XmlDocument.PreserveWhitespace and memory usage

The PreserveWhitespace property is sometimes misunderstood. As this MSDN page describes, this affects non-significant whitespace nodes. Significant whitespace is always preserved.

So what is significant whitespace? The XmlSignificantWhitespace explains: it's the whitespace under the scope of an xml:space='preserve' , or the whitespace between elements in a mixed content node (with both elements and text).

For many documents, non-significant whitespace is, well, not significant. It's just there so elements align and are more readable to humans, but processors aren't expected to do anything with it.

So if your program doesn't need it, there's no need for you to pay the price of creating objects to represent them and keep them in your document tree. If you do "typical" indentation, where every element is on a different line and you indent as elements get deeper, then you may actually save yourself some memory by getting rid of the whitespace.
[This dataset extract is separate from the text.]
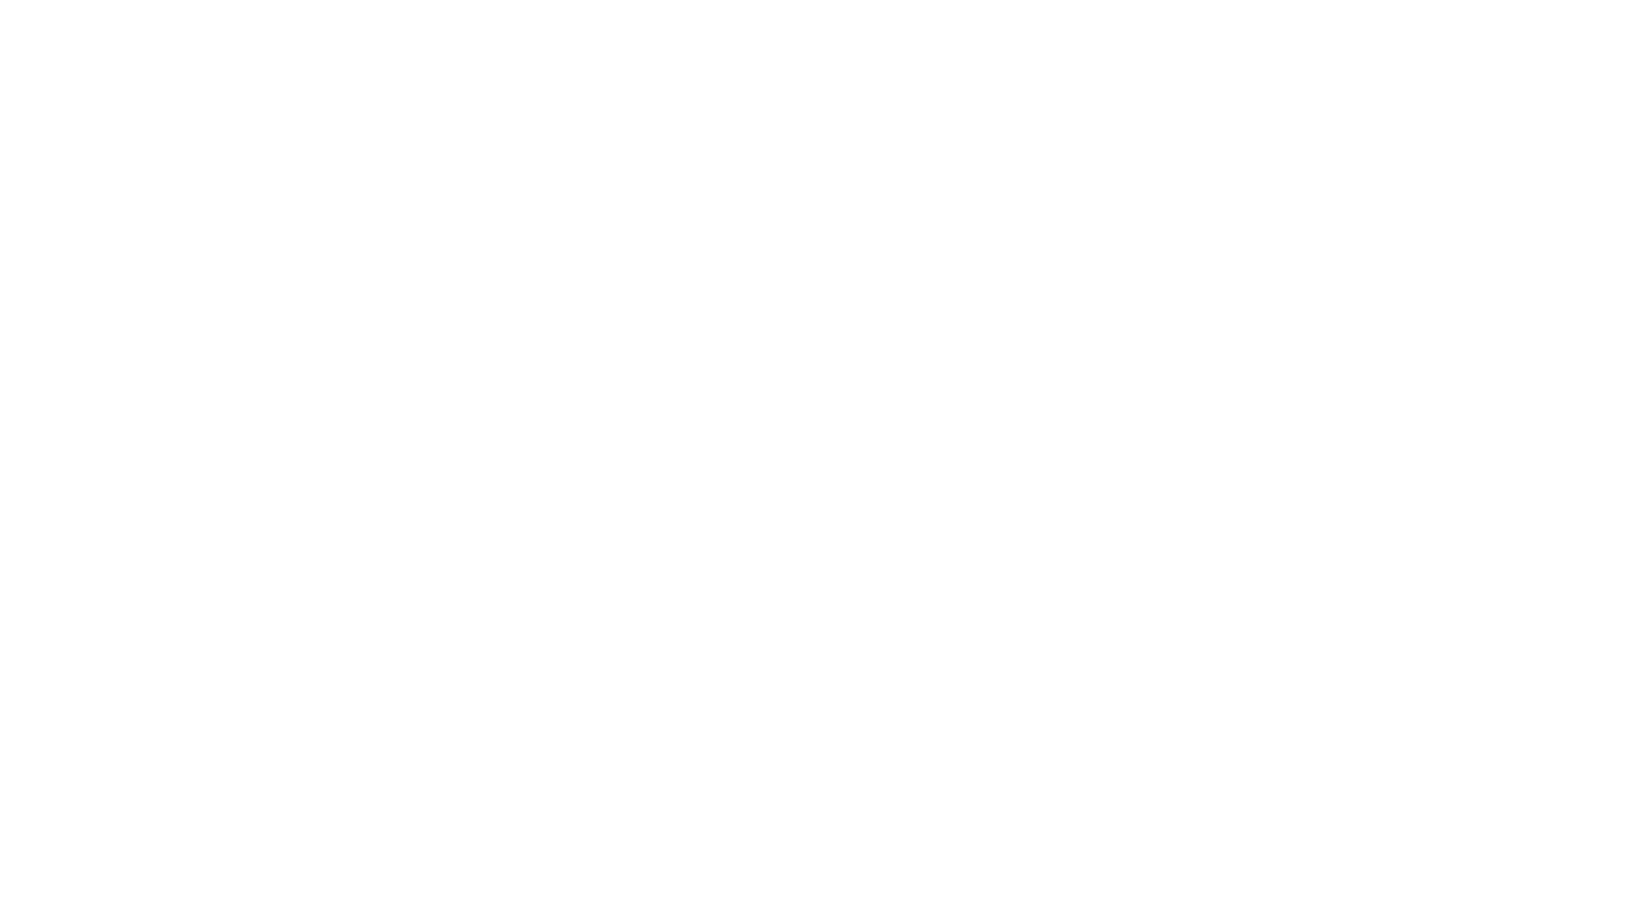 Кейс сервиса BRANDNATION - Фирменный стиль и брендинг жилого комплекса. Брендинговое агентство BRANDNATION в Москве и Санкт-Петербурге. Услуги: разработка логотипа и фирменного стиля, дизайн упаковки, брендбук, ребрендинг, разработка сайта.

Thankfully, PreserveWhitespace defaults to false for XmlDocument, but I've seen cases where folks turn it to true because they aren't quite sure of what it does and it feels safer to not throw something away.

Here's a little snippet that shows the impact (your mileage may vary of course, depending on CPU architecture, version, compiler settings, etc).

bool

[] preserves = new bool[] { true, false };
foreach (bool preserve in preserves)
{
  GC.Collect();

  // Build a document.
  StringBuilder s = new StringBuilder();
s.AppendLine("<root>");
  for (int i = 0; i < 1000; i++)
{
s.AppendLine(" <element with='attributes' />");
}
s.AppendLine("</root>");

string text = s.ToString();
XmlDocument doc = new XmlDocument();
doc.PreserveWhitespace = preserve;
doc.LoadXml(text);

  Console.WriteLine(
    "PreserveWhitespace: " + preserve);
  Console.WriteLine(
    "Memory used before collection: {0}",
    GC.GetTotalMemory(false));
  GC.Collect();
  Console.WriteLine(
    "Memory used after full collection: {0}",
    GC.GetTotalMemory(true));

  Console.WriteLine();
  GC.KeepAlive(doc);
}

And this is the output I get on my machine.

PreserveWhitespace: True
Memory used before collection:     456616
Memory used after full collection: 280208

PreserveWhitespace: False
Memory used before collection:     405480
Memory used after full collection: 232072

So (280208 - 232072) / 280208 ~= 17%, which isn't too bad for a line of code you don't have to write (because it's the default after all).

Enjoy!